Dean Cheney, owner of Dallas Oxygen Corp. in Texas, who filed suit against CMS for refusing to release financial standards for bidders — and who was told he did not win bids because he didn't meet those unreleased financial standards — thinks the only thing that will get the agency's attention is if the program implodes.

"I'm to the point where, just do it. Go ahead and do it," said a frustrated Cheney. "Let us show [CMS] how it's ridiculous. They keep telling us that they know what's going on, they know it's going to save all this money and it's going to help people, even though there are 167 economists saying that it's wrong. They won't listen to us, they won't pay attention to us, they think we're stupid. The only way for us to prove it is for them to go ahead and do it and have it fall apart."

Unfortunately, he added, that means there will be casualties. "The people who are going to be hurt are the seniors," he said. "They are the ones who are going to be damaged and, in some cases, are going to die … The people at CMS do not understand what is going to happen. They just say, 'We're paying too much for oxygen.'"

Those CMS-advertised savings are likely to be bogus, he said.

"What I see is going to happen is cost-shifting," Cheney said. Although it will pay providers less for HME, CMS will pay hospitals more for hospitalizations for Medicare beneficiaries who could not get the services they needed or the quality of equipment to keep them out of the hospital, he said.


"That's what I expect to see at the beginning of the year. It absolutely makes no sense," Cheney said.

Rose Schafhauser, executive director of the Midwest Association of Medical Equipment Services, which has been among those in the forefront of the fight to eliminate competitive bidding, said providers are going to have to adjust to the change in the industry.

"Nothing ever stays the same — and our industry is no different," she said. "The need for our services will only be greater in the years to come.
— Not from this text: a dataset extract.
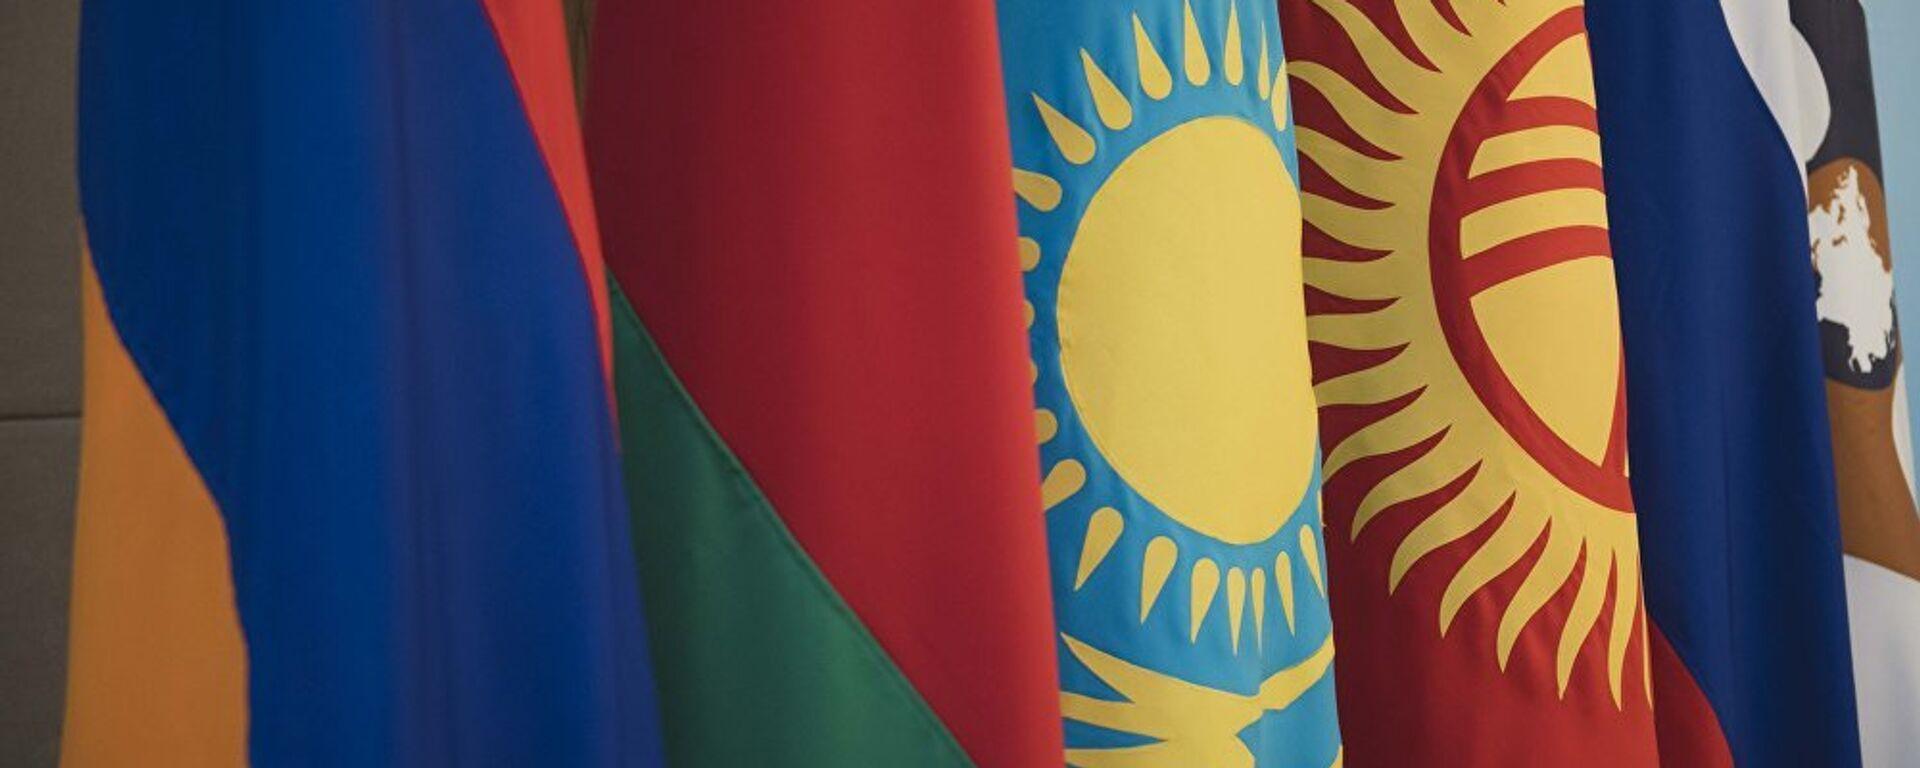 Флаги стран ЕАЭС, архивное фото - Sputnik Таджикистан, 1920, 07.04.2021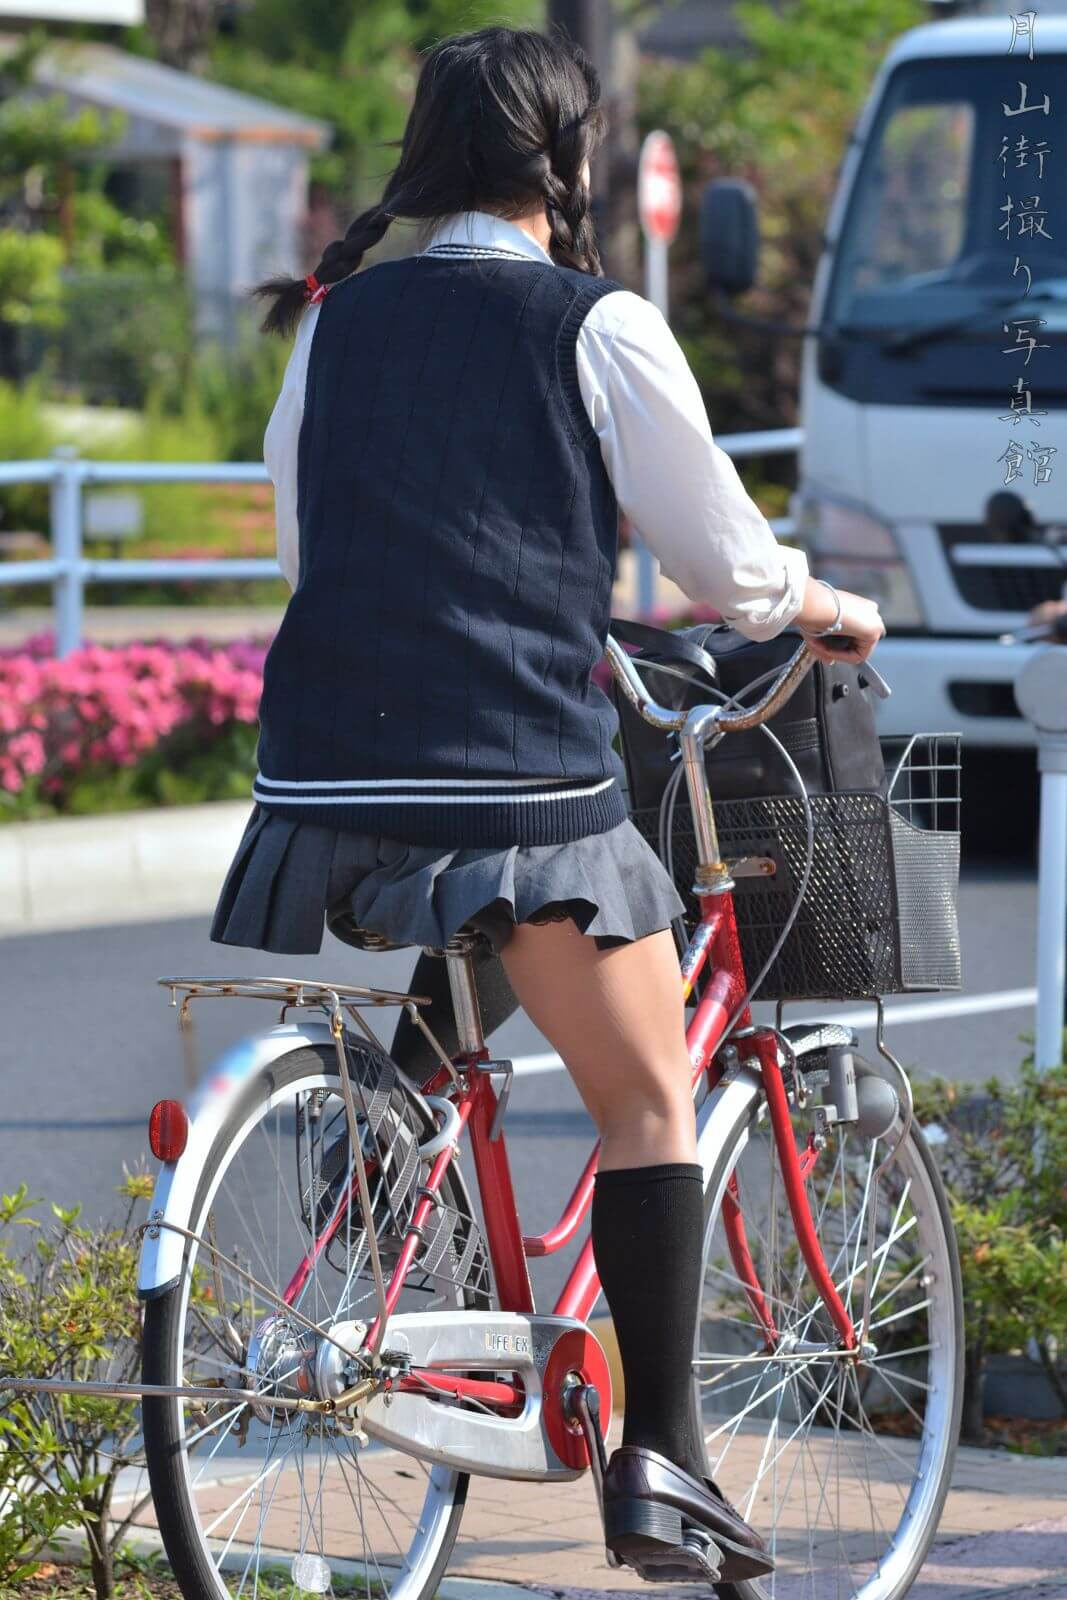 【画像】女子高生と自転車すれ違う時にそっと匂い楽しみ奴www

It will take strong strategic plans to be profitable, but it can be done. It will take creativity and vision to look at opportunities that are outside our comfort zone."

But first, providers have to deal with some painful realities. Rob Brant of City Medical Services in North Miami Beach, Fla., and a vociferous opponent of competitive bidding, is already dealing with the fallout from the project.

"I laid off half my staff last week and I'm a bid winner," Brant said. "At this point, I am trying to survive, and at this point, there is only so much that we can do."

It shook him up to let people go, especially at this season of the year. Some of them had been with him the majority of the 13 years he's been in business. "It was very difficult," he said.

But he needs to be prepared for chaos. Once competitive bidding is in force, "they are really going to understand how flawed this program is," Brant said. "It's going to be crazy … The economists have said they have never seen an auction like this. It's unbelievable that a system like this is moving forward."

While some in the industry are calling for a redesign of CMS' competitive bidding plan, Ryan said he is hoping for something more.

"Before I commit to a redesigned auction as suggested by some renowned economists who have spent their careers in auctions, I want to prove this is a disaster and get it delayed administratively so we can look at alternatives beyond administrative pricing that can manage costs but improve services," he said. "This fight is far from over!"